A score card system for users.
Written in Erlang to speed delivery of the project, though the fundamentals should be the same if written in Elixir.
This is in process of being implemented in elixir. To run the incomlete elixir version,
use mix
or mix test
for the tests.
Building requires git, erlang 22.1 or newer, and make.
make
dialyzer was not used as building the plt was time I did not yet want to spend. However, there are unit tests at least:
make tests
The command below will start and interactive erlang session, and start the server running on port 7654.
make shell
To query the server, point a curl request (or browser) to the server and ask for the user id you wish to know about:
curl "http://localhost:7654/scores/97"
This will likely return a "0" as no user has been scrapped and imported yet.

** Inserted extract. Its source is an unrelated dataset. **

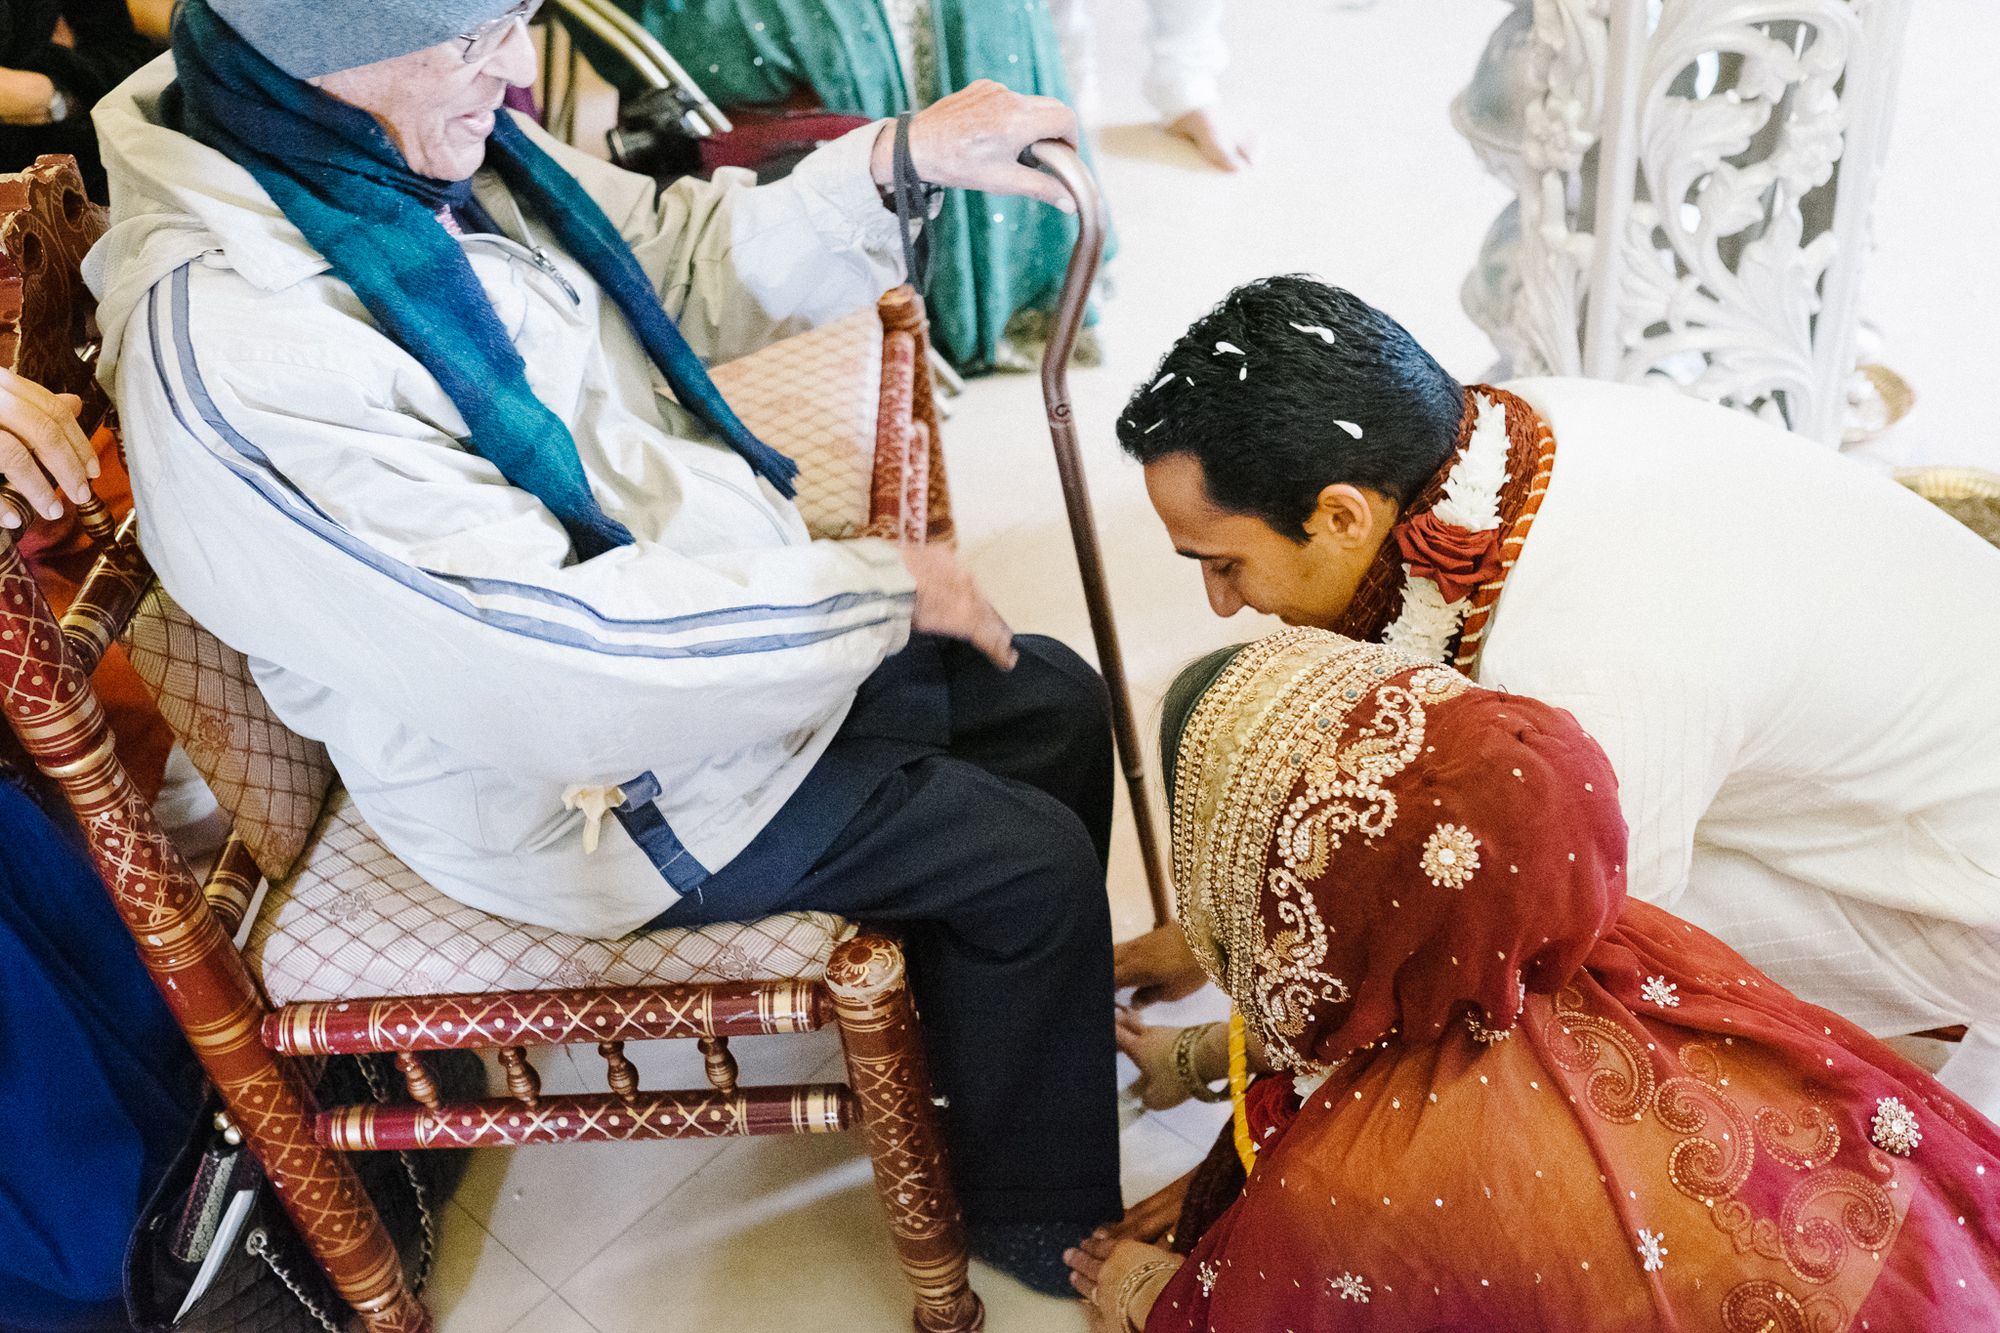 Grandparent blesses bride and groom at Hindu wedding ceremony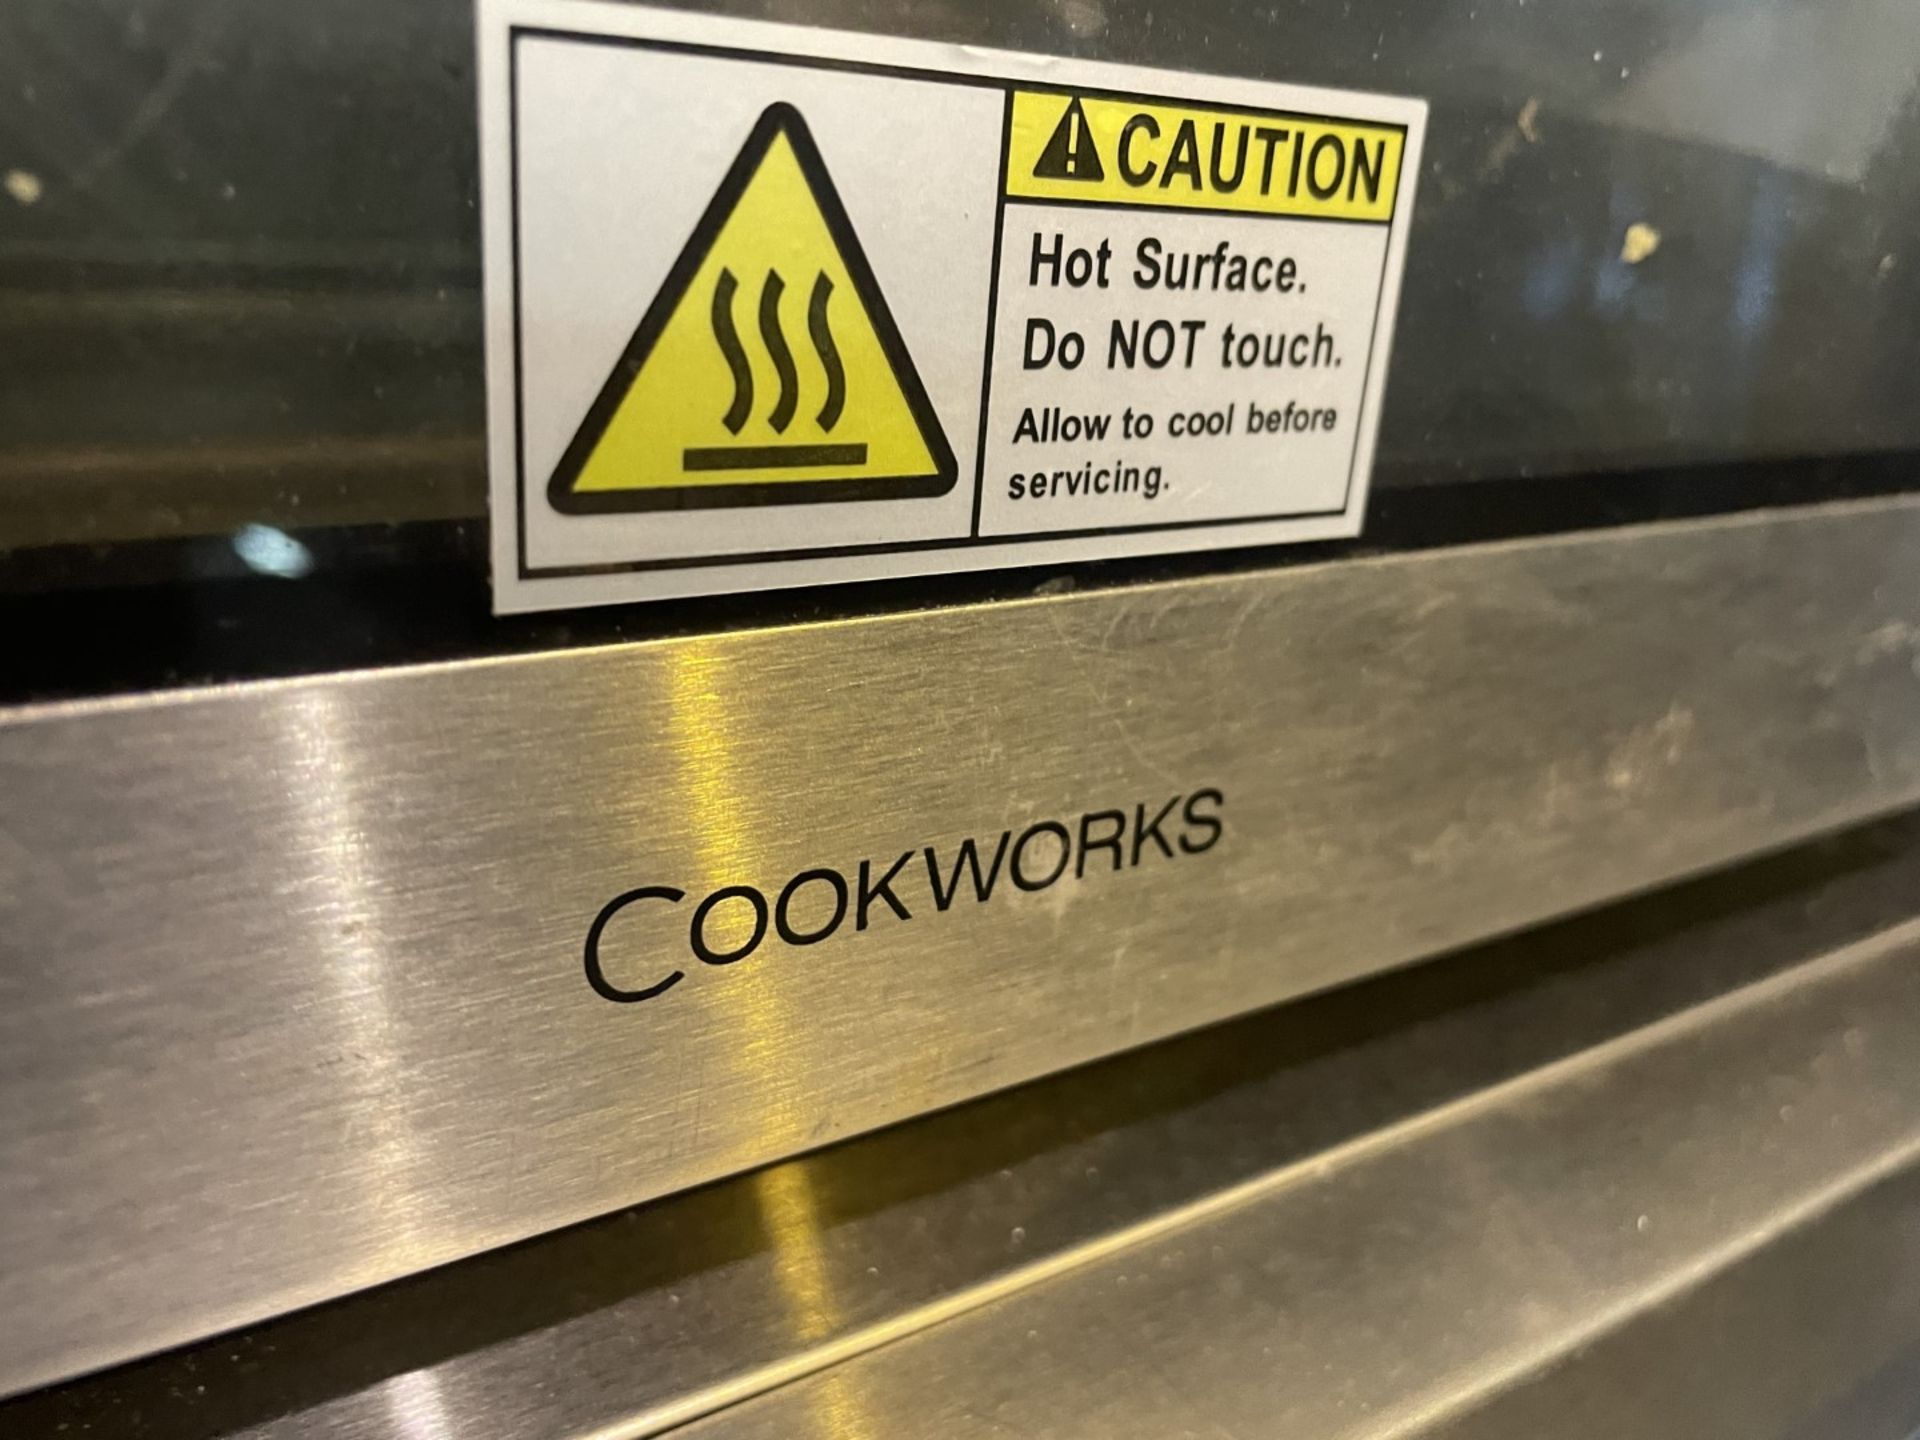 1 x Cookworks Stainless Steel Electric Mini Oven 1500W 23L - Image 4 of 4

To get some data, you can, on the erlang shell, add some:
github_score_datastore:increment_user(97, 5).
The next time you curl above, you will get "5". If you repeat the same increment, the next curl request will be "10", as it keeps a running tally.
This is primarily a proof of concept, and not what I would deliver as a final product. It's close, but needs at least another day of polish. The following is missing:
- Logging. Currently only otp events are logged, and only to the console. This makes it unsuitable for release, but adding logging using the existing erlang logger module is trivial. Mainly this is creating a reasonable default.
- Configuration. The port, github url, and function that populates the datastore from the poller are all hard-coded. While the last is likely to stay that way, it should be moved out of the supervisor and into some module that the supervisor can then reference. The others are obvious on why they should be configurable.
- Dialyzer. While I've attempted to keep the types clean and documented, there is no replacement for a tool. Yet another relatively simple thing to add.
- Data storage. The datastore is ets, which is memory only. Even a simple switch to using dets, the disk backed version of ets, would be an improvement. For the purpose of the project as presented, anything more is likely overkill. Fortuately, datastore does not expose an underlying implementation, so swapping that is an isolated change.
- Improved Polling. The polling as implemented is very naive. It doesn't handle pagination, primarily, and so could lose or miss data. This would need to be shored up.
- Webhook. Polling was the simplest thing that could work, and may end up being all we need. This is more of a feature that could be revisited than a hard requirement for me to be satisfied the job is "done".
- Documentation. I never know if the documentation I've provided is enough or fully correct.
Some of this would come out of code review, some from ci, and some from personal pride. But in the interest of time, I've decided to present what I have done, and present what I would do if this was a real project.